What do toilet paper, long bike rides down sun-dappled autumn roads, Diet Coke, and Justin Bieber have in common?
Answer: #Thanksgiving, internet style. I’ve seen expressions of appreciation for each show up on Facebook and Twitter this month. I’ve certainly populated the social media universe myself with mentions of the gifts I’m grateful for, among them family, friends, health, food, and employment. Other expressions of gratitude I’ve seen have hit similar themes.

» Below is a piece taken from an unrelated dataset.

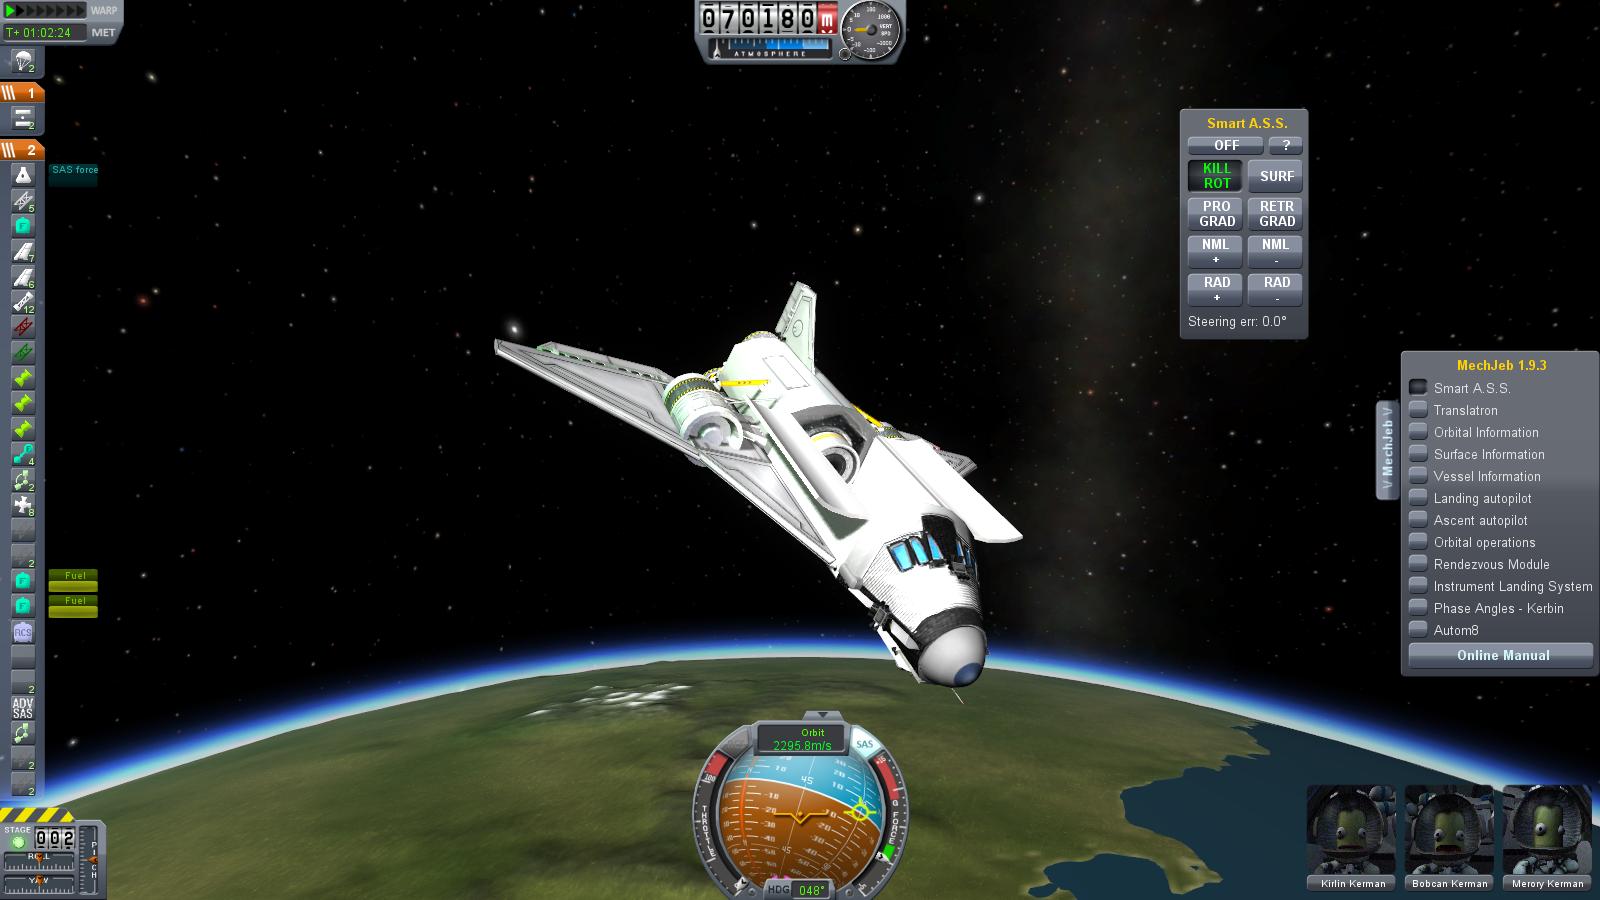 kerbal space program - photo #2

I’ve seen many other gratitude lists that are simply inventories of coveted, then acquired consumer products: big-screen TVs, cute new sweaters, Pumpkin Spice Lattes. Thanks, then, is reduced to consuming or buying stuff. Ironically, the kinds of things that are on these shopping lists are hardwired into a deeper frustration that things aren’t the way they are supposed to be in our society. Both the Tea Party and Occupy movements are grassroots responses to our floundering economy. We are in a down market for true gratitude if giving thanks is primarily linked to our purchasing power.
Gratitude is big business in our culture. Oprah regularly urged her viewers to keep a gratitude journal. With nearly 1,000 listings for “gratitude journals” on Amazon.com, it would appear that there are bucks to be made from the counting of blessings. Researchers tell us that giving thanks benefits the one doing the thanking. I can celebrate the positive effects that gratitude has in our lives. And I can’t deny that this month’s expressions of thanksgiving add a splash of warm ‘n fuzzy sentiment to the atmosphere around the internet and in our culture, even those I don’t fully understand. (See Bieber, above.)
But thanksgiving, by definition, is supposed to be about someone other than the one doing the thanking. Author Ann Voskamp’s 1000 Gifts: Dare To Live Fully Right Where You Are hit bestseller lists this year with a poetic, biblically anchored message about gratitude’s power to transform both the way we live our lives and the way we relate to God. (See Her.meneutics’ tworeviews of the book.) Voskamp’s book has inspired tens of thousands of readers to offer their thanks to the Giver for the ordinary moments of their days, a welcome redirect from Oprah’s “Say thank you to the universe!” message.
I may sound a bit Scrooge-like, but I confess that I am growing increasingly uncomfortable with Twinkie-sweet emotion that strips away purpose from gratitude. In my estimation, gratitude has morphed into a feel-good trending topic instead of what it really is according to Scripture: a costly expression of worship.
The Bible presents a remarkably unsentimental portrait of gratitude. The emotions we may experience are wonderful byproducts of our obedience and worship. The pages of Scripture remove us from the visceral smells and sounds of animal sacrifice, but those offerings were a bleating, bleeding centerpiece of expressed thanksgiving in the Old Testament. In the New Testament, Paul connects the sacrificial giving by the congregation at Corinth to the expressions of gratitude by the recipients of these financial gifts. Thanksgiving is a costly act.
That cost is perhaps seen most poignantly in Job’s stripped-bare words after he had lost everything, when he didn’t have anything to offer except himself: “Naked I came from my mother’s womb, and naked I will depart. The Lord gave and the Lord has taken away; may the name of the Lord be praised” (Job 1:20).
True biblical gratitude has God as its object. He cherishes the offerings of thanks that flow from our hearts toward him, because these words flow out of relationship. The thanks we offer to him is always a response to the blessing of what he gives to us without reservation – himself.
Rev. Dr. Craig Barnes‘s words have helped me connect with the real meaning of thanksgiving this year:
Being thankful is not telling God you appreciate the fact that your life is not in shambles. If that is the basis of your gratitude, you are on slippery ground. Every day of your life you face the possibility that a blessing in your life may be taken away. But blessings are only signs of God’s love. The real blessing, of course, is the love itself. Whenever we get too attached to the sign, we lose our grasp on the God who gave it to us. Churches are filled with widows who can explain this to you. We are not ultimately grateful that we are still holding our blessings. We are grateful that we are held by God even when the blessings are slipping through our fingers.
This Thanksgiving, I will thank God for his abundant blessings. I will offer myself to him, extending my empty hands in prayer while acknowledging the losses I’ve experienced this year. And then I will sit in silence for a while, grateful to be held by God.